Choose a size for the loop device, this depends on the number of games you have, every game takes from ~200MB to ~600MB at worst.

For calculating a size, I recommend multiplying the number of games you have (or think you will install, you can overestimate if you want) by 600M.

For example, I have 29 games, and I hope to install let’s say 40 games.

So this will be 40 * 600 = 24000M . Which is around 24GB.

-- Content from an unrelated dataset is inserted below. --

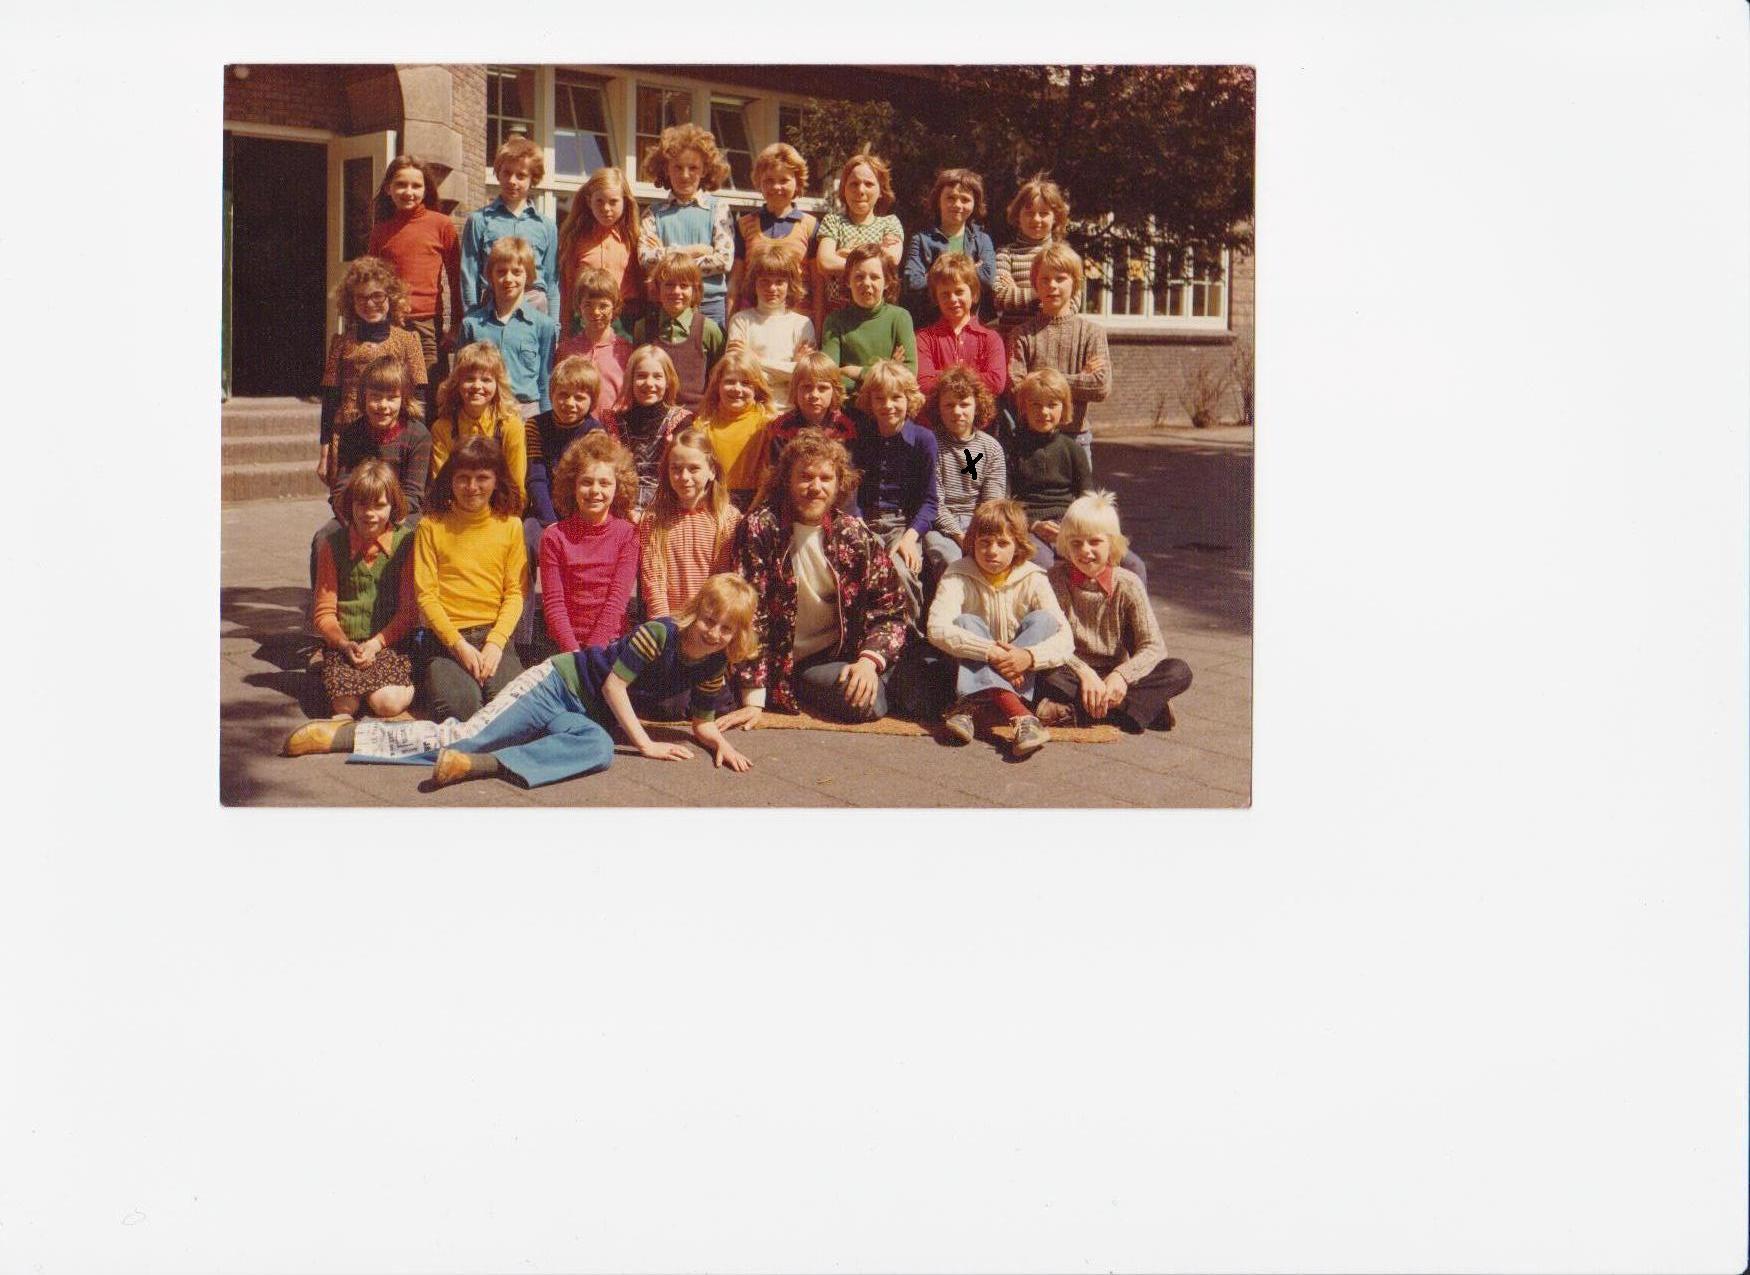 De Duinjagerschool foto

Note: the compressed size for each folder will be smaller, so you can tune in this “600” number down if you want to experiment a bit.

Shell
cd /mnt/games_drive/SteamLibrary # Go to your library folder
fallocate -l 24G compatdata.btrfs # Allocate space in drive
sudo mkfs.btrfs -L "steamcompat" compatdata.btrfs

Create a temporary folder to mount the filesystem

Shell
mkdir compat_temp

Mount the filesystem

For this you will need to choose a compression level for zstd, I am going with 5.

Shell
sudo mount -t btrfs -o loop,compress-force=zstd:5 compatdata.btrfs compat_temp

Take ownership of the root folder from the loop device

Shell
sudo chown $(id -u):$(id -g) compat_temp

Copy all the prefixes to the loop device

Shell
for d in steamapps/compatdata/*; do test -d "$d" && cp -av "$d" compat_temp/; done

Now we will rename the actual compatdata to have a backup (you can remove it later if it works!)

Shell
mv steamapps/compatdata steamapps/compatdata.backup

Create an empty folder to mount the loop-device in

Shell
mkdir steamapps/compatdata

Unmount the loop-device

Shell
sudo umount compat_temp

Edit /etc/fstab

For this you can open your favorite editor, to be friendly here will show nano.

Shell
sudo nano /etc/fstab

Add this at the end

Make sure to replace the folder paths correctly and use your compression level

/etc/fstab
# Steam compat data
/mnt/games_drive/SteamLibrary/compatdata.btrfs /mnt/games_drive/SteamLibrary/steamapps/compatdata btrfs defaults,loop,compress-force=zstd:5,x-gvfs-hide 0 0

Note: You can also use systemd mounts instead of fstab.

Mount all and reload systemd daemon

Shell
sudo mount -a && sudo systemctl daemon-reload

The results

Looking at the ext4 folder, for 29 games, there is around 8 GiB of files.

Checking current disk usage of the loop-device folder (thanks to Thunar, by right-clicking the compatdata), around 3.7 GiB used (15%).

I hope you find this information useful.